Principe : Proposer un modèle de revenu, ni revenu universel, ni salaire mensuel, étendant le système des intermittents et valorisant les contributions et capacités.
Bénéficiaires : Groupe de jeunes de 16 à 25 ans résidant sur le territoire Plaine Commune, tirés au sort (protocole non définitif).
Présentation : La proposition d’un revenu contributif s’inscrit dans un projet plus large visant à faire de Plaine Commune un « territoire apprenant contributif », adossé à une chaire de recherche.
Le constat de départ est celui de l’extension de l’automatisation de la production par le numérique qui selon certaines études va entraîner une forte réduction du nombre d’emplois.
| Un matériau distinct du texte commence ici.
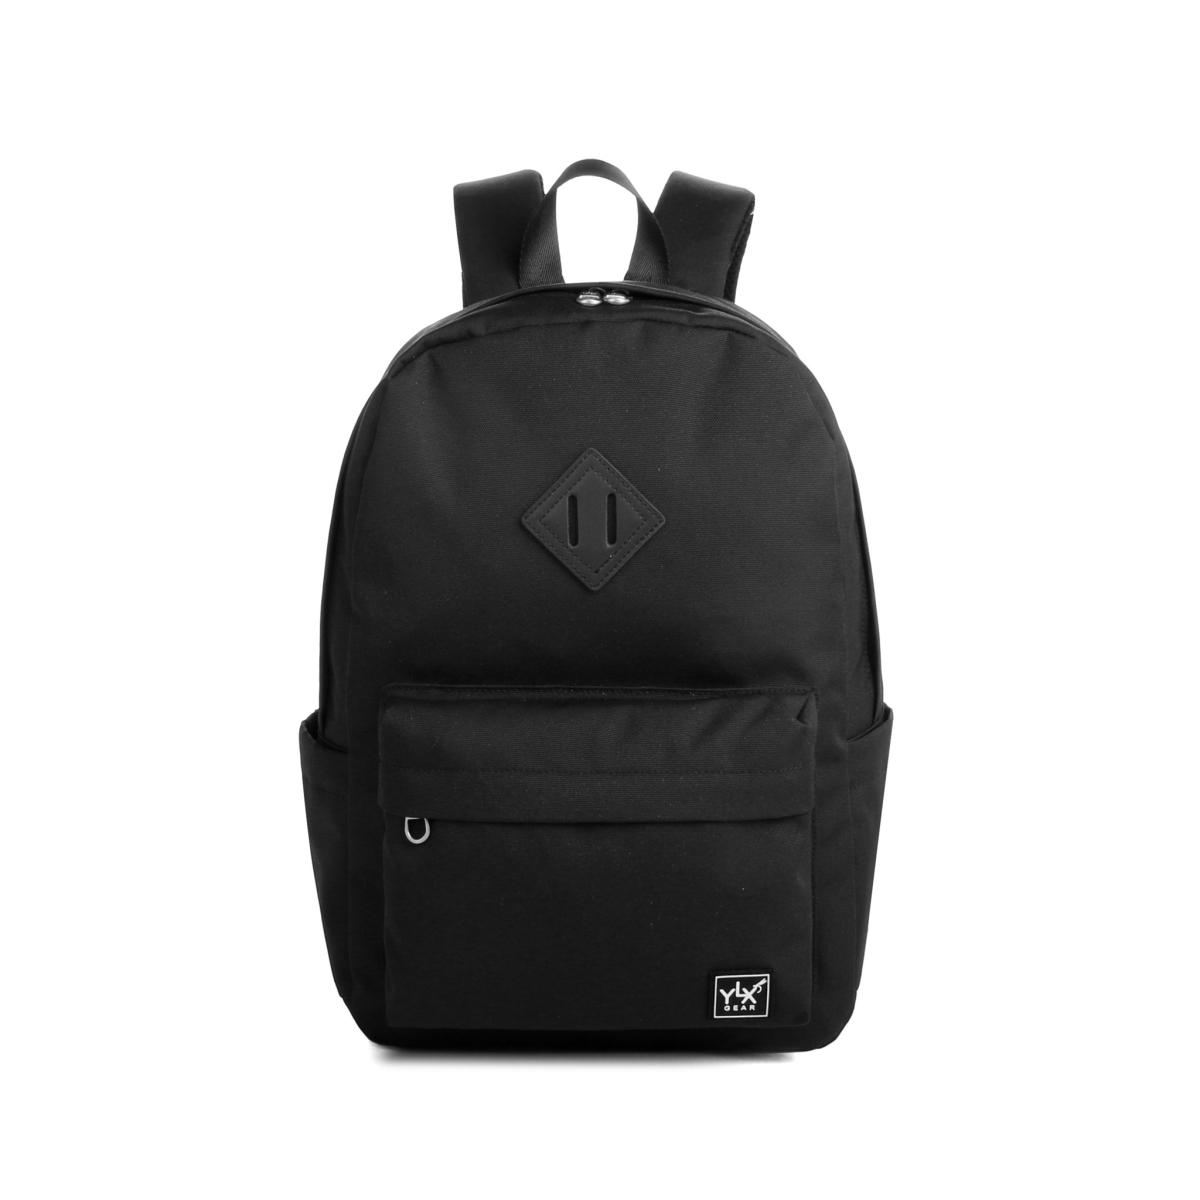 YLX Finch Backpack

Le revenu contributif cherche à répondre à cette situation, en distinguant nettement l’emploi, automatisable, du travail, qui « produit du savoir-faire, du savoir théorique, du savoir artistique ».
En s’inspirant du régime des intermittents, qui permet aux individus d’alterner des temps de production et des temps de développement de leurs capacités, le revenu contributif propose de valoriser le travail, par un revenu « conditionné à la contribution qu’apporte chacun dans des projets collectifs ».
L’autre modèle est celui du logiciel libre, qui efface la barrière entre producteur et consommateur.
Sources :
- Projet d’expérimentation territorial, « Plaine commune territoire apprenant contributif »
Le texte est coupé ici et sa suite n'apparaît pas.